А затем я вновь засмотрелась на акварельные картины, среди которых появились несколько новых. Они были чудесными.

– Как красиво, – завороженно глядела я на пейзаж с зимним рассветом, нежный и воздушный.

– Фигня, – лениво отозвалась подруга, которая высокое искусство не очень-то и ценила. – Томас веселее холсты малюет. От одного вашего Чуни уписаться можно. От восторга, – добавила она, хихикнув.

– Это очень здорово написано, – возразила я. – Смотри, как технично! И ничего лишнего, все так гармонично. Эта техника называется, если я правильно поняла, «по-сырому», – вспомнилось мне. – То есть рисуют по предварительно смоченному листу. Поэтому такие мягкие переходы и цвета нежные, почти прозрачные.

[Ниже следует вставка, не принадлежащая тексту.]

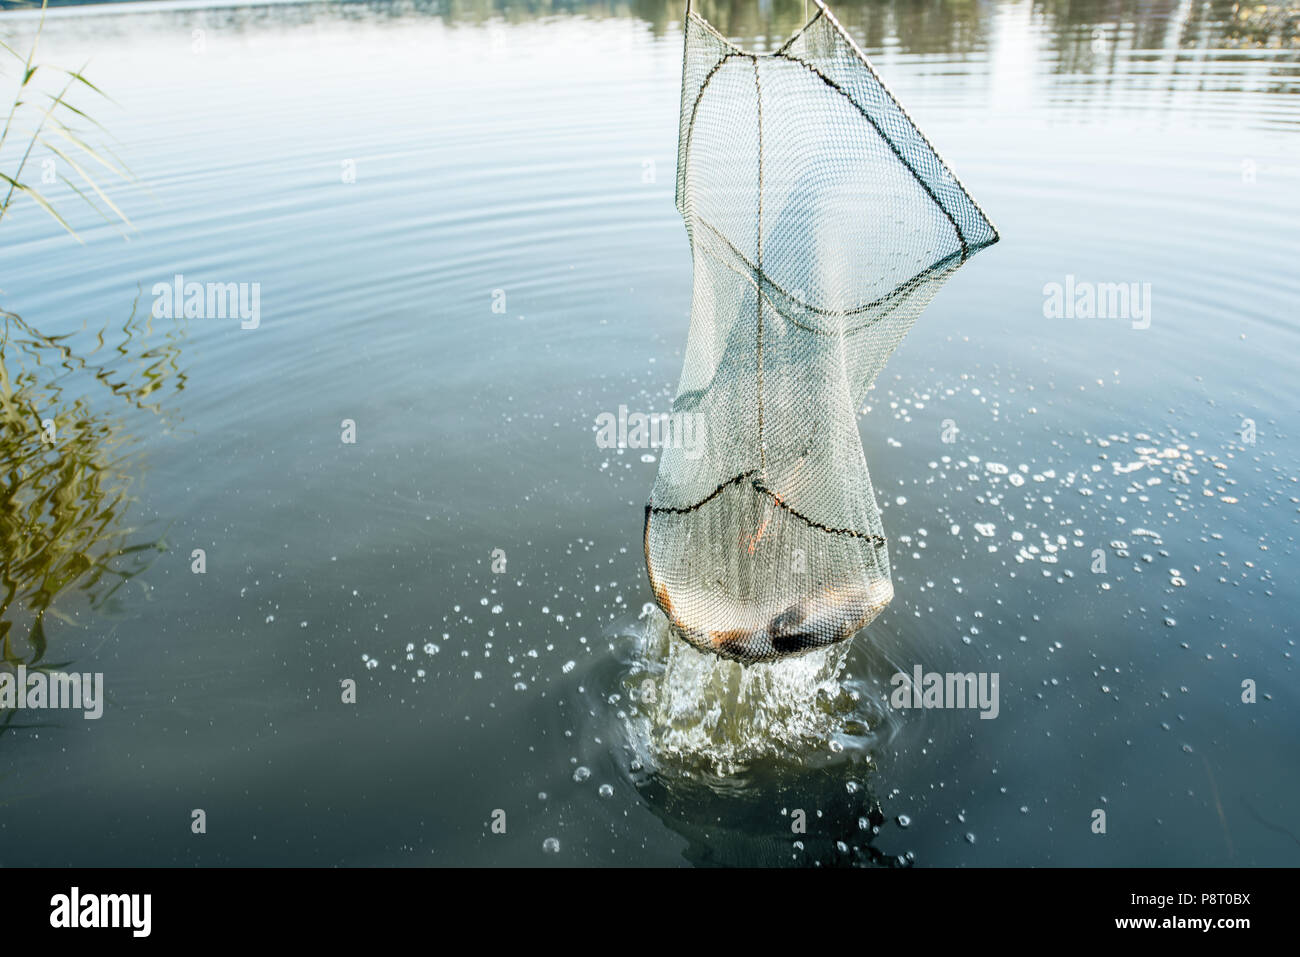 Catching fish with fishing net in the lake during the morning light Stock  Photo - Alamy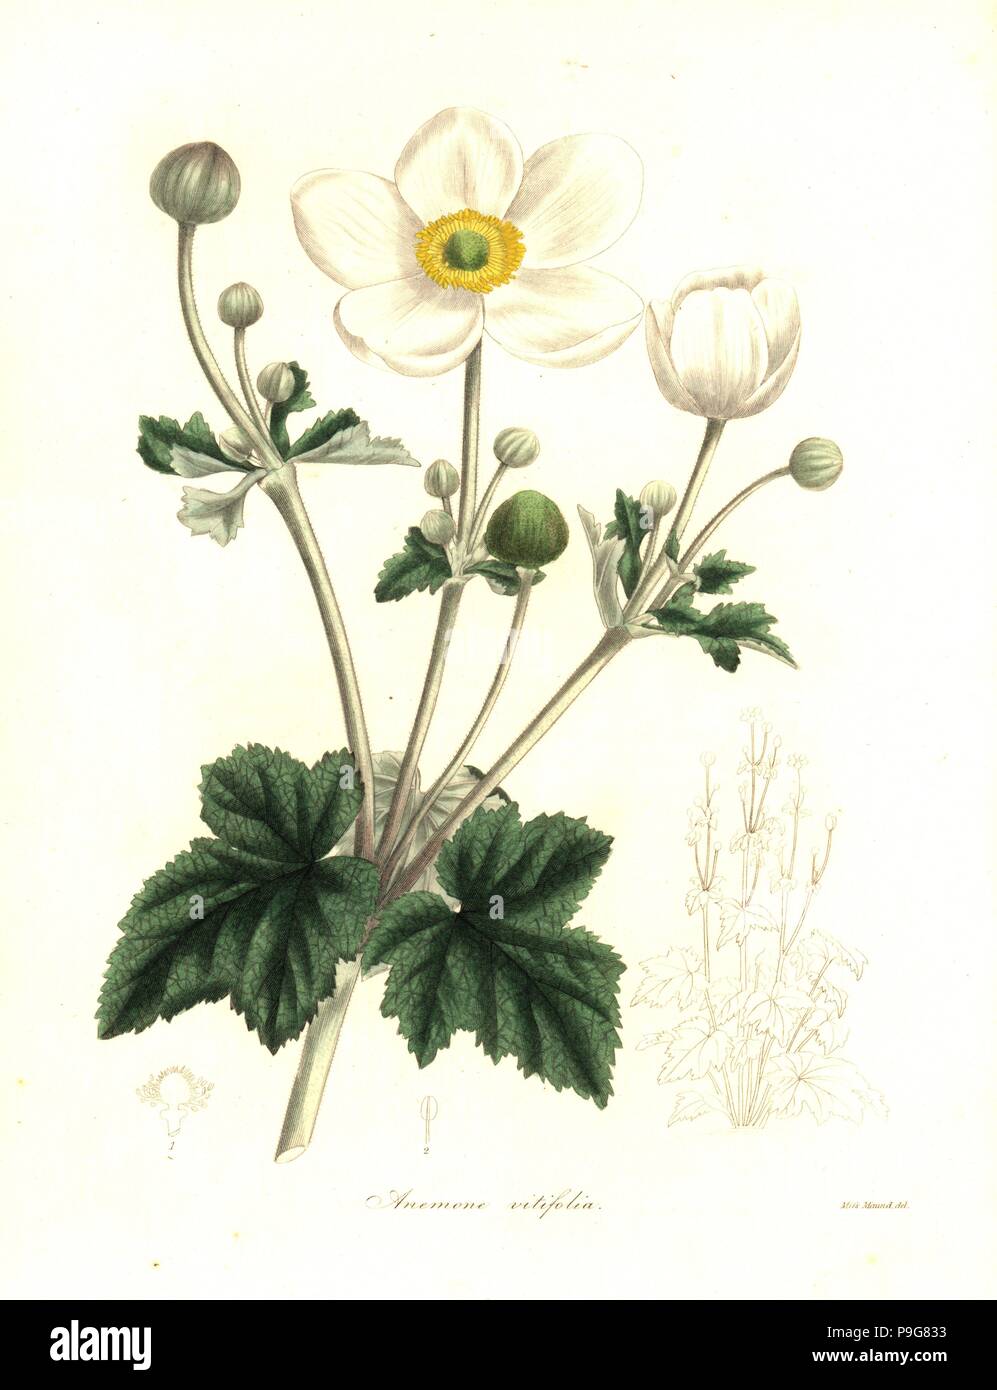 Vine-leaved anemone, Anemone vitifolia. Handcoloured copperplate engraving after a botanical illustration by Miss Maund from Benjamin Maund and the Rev. John Stevens Henslow's The Botanist, London, 1836. Stock Photo

– Иногда ты не в курсе элементарного, а иногда знаешь забавные вещи, – хмыкнула Нинка. – Я тебе говорила, что ты странная? Ах, да. Две тысячи раз с лишним.

– Ну, ты посмотри, как здорово! – не слышала я Журавль. – Я бы повесила такую картину у себя дома…

– Правда? – раздался за нашими спинами негромкий глубокий женский голос, навевающий ассоциации с темным бархатом, по которому так приятно проводить открытой ладонью.

Мы обернулись – за нашими спинами стояла высокая темноволосая женщина лет сорока с небольшим, в синем, до колен, платье строгого покроя, которое отлично подчеркивало женственную фигуру. Ажурный белоснежный воротник и скромные украшения то ли из серебра, то ли из белого золота добавляли ее образу изысканности. Мне было всегда интересно сопоставлять картины и их создателей. А эта женщина, по крайней мере, сейчас не была похожа на всех тех художниц, как опытных, так и начинающих, с которыми я имела честь быть знакомой. Подтянутая, стильная, с аурой какого-то легкого спокойствия и уверенности, она была скорее похожа на бизнес-леди, а не на представителя творческой профессии, с их болезненным надрывом в душе и лихорадочным блеском в глазах. Если художники казались мне воздухом, то эта женщина была настоящей представительницей стихии земли.

– Я рада, что мои картины понравились вам, – улыбнулась она тем временем. Слов Нинки брюнетка явно не слышала.

– Очень, – искренне отвечала я. – У вас такие атмосферные работы. Словно в окно смотришь, а не на картину.

– Так это вы их написали? – мигом преобразилась и подруга в ангела и повторила мои недавние слова, чтобы выглядеть умнее. – Чудесно. У вас замечательная техника! «По-сырому», да?

– Верно, это мой любимый прием, хотя я использую не только его. – Вы разбираетесь в живописи? – подняла и без того несколько изогнутую бровь женщина.

– Совсем чуть-чуть, – делано смущенно улыбнулась Ниночка, – просто ее папа, – ткнула она меня в плечо, – художник.

Я недовольно покосилась на подругу. Рассказывать всем и каждому, что я – дочь художника, казалось мне глупым. А вот Журавль любила хвастаться сим фактом. Она упорно продолжала считать мою семью крайне творческой, ехидно обзывая интеллигенцией.

– Его зовут Томас Радов, – продолжала с легкой душой Нинка, строя из себя знатока искусства. – Может быть, слышали?